What brings more complete satisfaction is a friend like the lady on the cheap bus, who spent part of her trip to NYC texting me about the people she knows in the city. When I got her text, I pictured it. The highway coming up toward her out of the night, the dark silent bus, her tablet’s  bright screen, and her, punching in the letter to a friend she wants to keep in touch with. Love

Wednesday, December 12, 2012

What do we want?


‘Tis the season for it. Wanting things. But the question is really about us gay people and what’s happening now as we wait for the Supreme Court. 

A commentator this week makes a point about the effect of marriage equality on the behavior of gay people. Apparently we want to be like the straight middle-class.

I once sat in an audience while one of the lawyers who had argued the gay marriage case before the Supreme Judicial Court of the Commonwealth of Massachusetts, which resulted in the first legal gay marriages in America, said, “Gay people want the same things as straight people.”   

That is manifestly not true. 

There are many, many things about straight marriage that I do not want anywhere near my long-term gay relationship with my partner C. 

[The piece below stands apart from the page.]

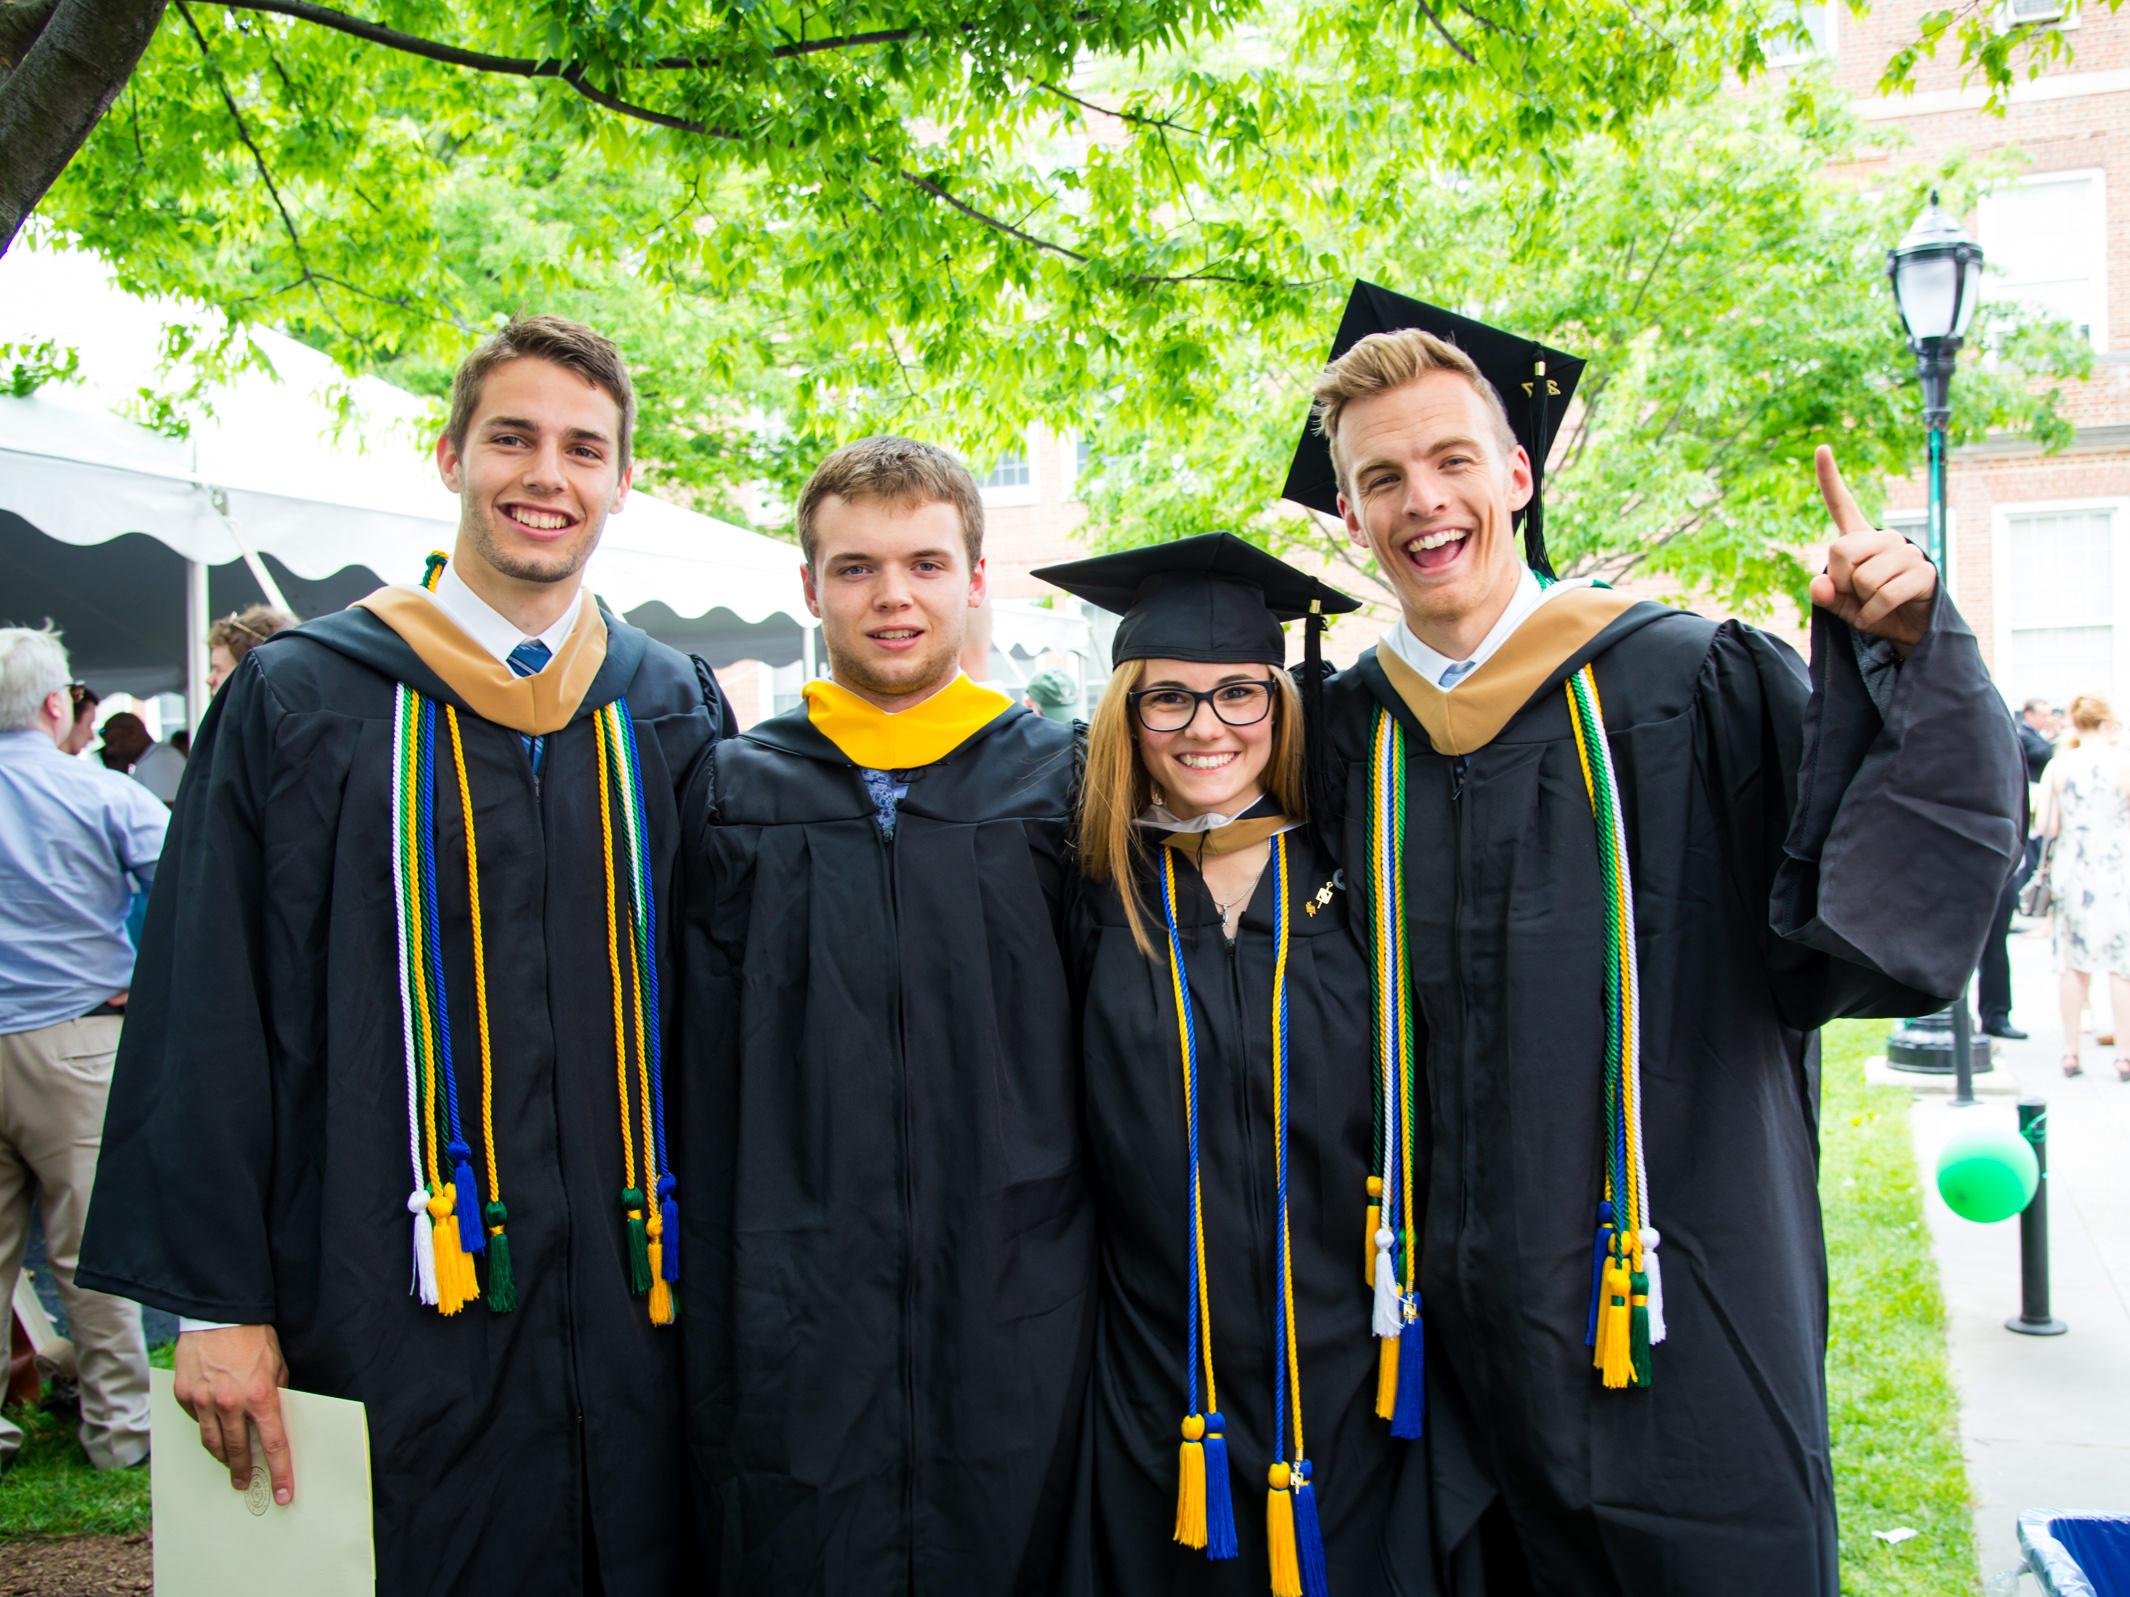 graduating seniors pose for a photo on the quad on graduation day

At least some of us want long-term relationships which have room for experimentation.  At least some of us want to escape the laws influenced by this nation’s puritan past and accept more open display of our bodies, in private and on the beach and in our parades and in our art. What we don’t want is to have our long-term relationships defined for us by judges in California or Justices in Washington. I don’t think we want to enter an institution whose major framework was determined in the fourteenth century or even the nineteenth century or the twentieth century. We want to do it ourselves and make it fit our lives now, in the twenty-first century. We don’t want religious people to impose their beliefs on us in these matters of sex, love, and relationships.

I wrote about this earlier this year

Without having determined what we want, aside from “marriage,” we are rushing into a situation where the most restrictive of us are going to try to lay down rules for the rest of us about our bodies and our sex and try to make everybody adhere to rules. An emotional loving commitment between two persons necessarily means a commitment to sexual monogamy. “I love you” necessarily means “I am going to promise you.” It means, I will love you only and in return you must love me only, which, for many people, is akin to a declaration of ownership and an expectation of ownership and has no place when a man says, “I love you.”

The only declaration I feel compelled to make to the man with whom I share my life is that I don’t own him or his body, and he doesn’t own mine, even though the Chief Justice of the Supreme Judicial Court of the Commonwealth of Massachusetts has declared that, in the Commonwealth, marriage means, “The voluntary union of two persons, as spouses, to the exclusion of all others.” Why should a judge make such a requirement on me and C?

It may already be too late to stop the people who want to control us and to turn us into something we’re not. In any case, as these things move forward, it is possible for all of us to say, “Wait. Wait. That doesn’t apply to me. We are free. Take your rules to another country.”